Jamie Horowitz Fired at Fox Sports Amid Harassment Probe

Jamie Horowitz

The exec has hired litigator Patty Glaser to represent him amid a network investigation of sexual harassment claims.

Jamie Horowitz, who has run programming at Fox Sports since May 2015, has been fired from the network amid an internal investigation of sexual harassment claims.

The executive has hired powerhouse litigator Patty Glaser to represent him, The Hollywood Reporter has learned. On Monday, his executive page had already been made inaccessible on the Fox Sports website.

"I regret to inform you that Jamie Horowitz, President of National Networks for Fox Sports, will be leaving Fox Sports effective immediately. We realize this news may come as a surprise for many of you, but we are confident in this decision," read a memo from Eric Shanks, president, chief operating officer of Fox Sports.

Shanks also added in the memo: "Everyone at Fox Sports, no matter what role we play, or what business, function or show we contribute to — should act with respect and adhere to professional conduct at all times. These values are non-negotiable."

Horowitz's attorney Patty Glaser responded in a statement: "The way Jamie has been treated by Fox is appalling. At no point in his tenure was there any mention by his superiors or human resources of any misconduct or an inability to adhere to professional conduct. Jamie was hired by Fox to do a job, a job that until today he has performed in exemplary fashion. Any slanderous accusations to the contrary will be vigorously defended."

Daniel Petrocelli, the lawyer representing Fox Sports, replied: "Mr. Horowitz’s termination was fully warranted and his lawyer’s accusations are ill-informed and misguided."

At the network, Horowitz oversaw Fox Sports 1 and 2 and presided over major talent shake-ups and production leads, bringing several people he worked closely with at ESPN. He hired a slew of talent like Skip Bayless, Colin Cowherd and Jason Whitlock and execs like Charlie Dixon aimed at shifting programming toward opinionated talk. 

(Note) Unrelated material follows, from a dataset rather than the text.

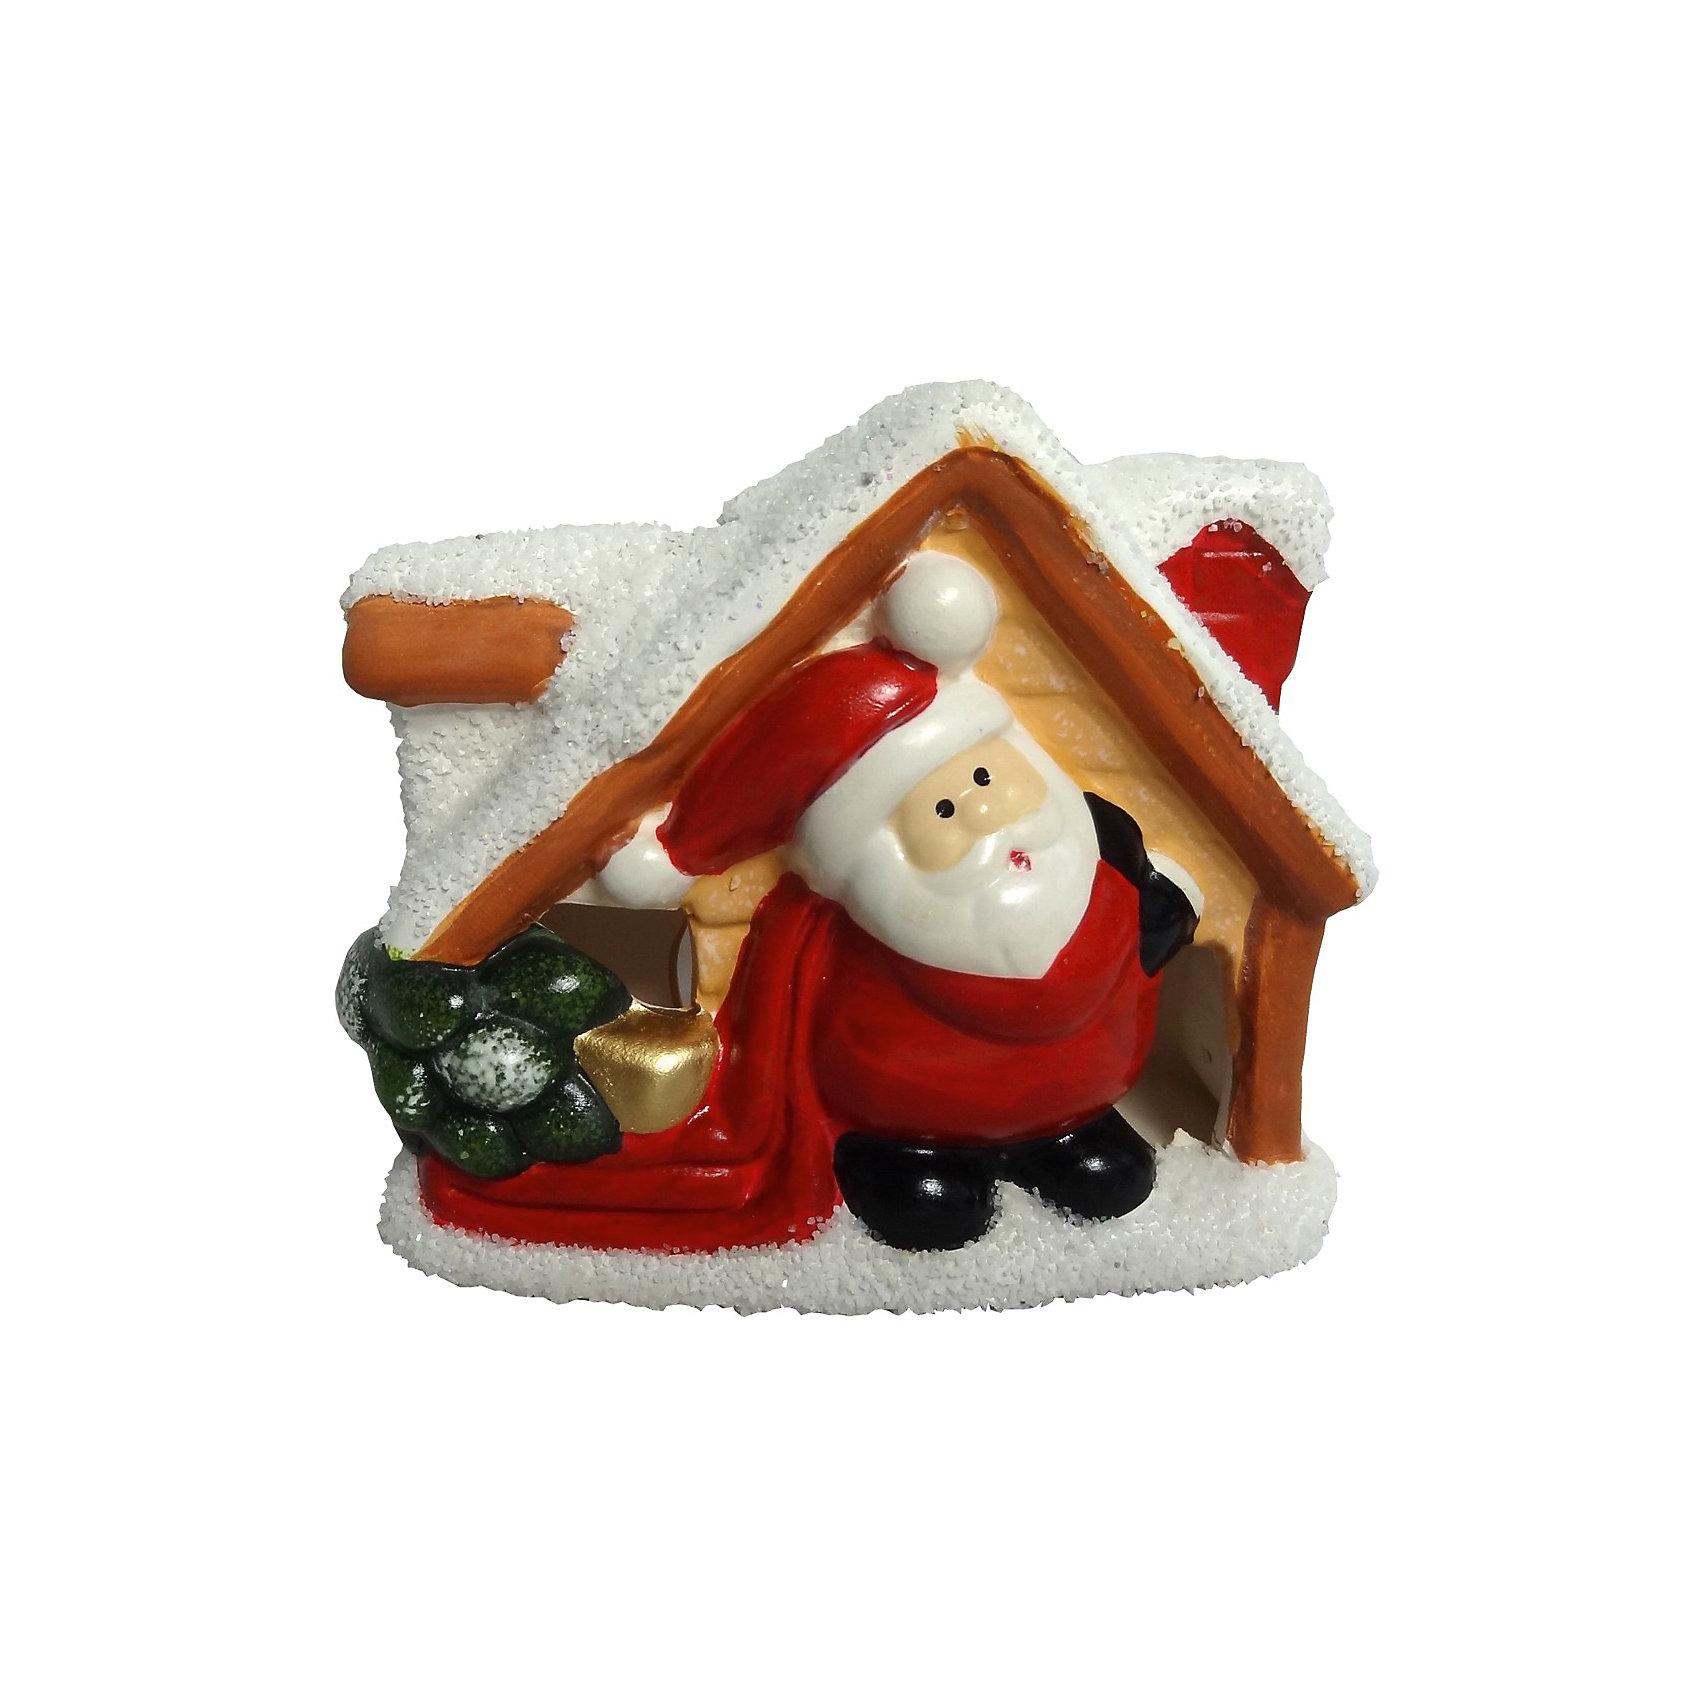 Подсвечник керамический ДомикПодсвечник керамический Домик, Волшебная страна станет замечательным украшением Вашего новогоднего интерьера и приятным сувениром для родных и друзей. Подсвечник<br>выполнен в форме симпатичного заснеженного домика с фигуркой Деда Мороза. Сказочный домик, подсвеченный свечой, порадует и взрослых и детей и поможет создать<br>волшебную атмосферу новогодних праздников.<br><br>Дополнительная информация:<br><br>- Материал: керамика.<br>- Размер: 12 x 5,3 x 10,3 см.<br>- Вес: 335 гр. <br><br>Подсвечник керамический Домик, Волшебная страна можно купить в нашем интернет-магазине.<br><br>Ширина мм: 570<br>Глубина мм: 0<br>Высота мм: 0<br>Вес г: 335<br>Возраст от месяцев: 60<br>Возраст до месяцев: 180<br>Пол: Унисекс<br>Возраст: Детский<br>SKU: 3791441

Prior to his turn at Fox Sports, Horowitz worked at NBC News, where his tenure as general manager at The Today Show ended in his firing in November 2014 after attempting to engineer a dramatic makeover of the show. He had previously been a highly regarded exec at ESPN and ABC's Good Morning America.

Horowitz recently presided over layoffs on the digital side of Fox Sports, with 20 staffers in writing and editing roles let go last month, according to a Bloomberg report, as the web property reorients itself toward creating more original video. A Fox Sports rep didn't comment on the number of layoffs reported in the division.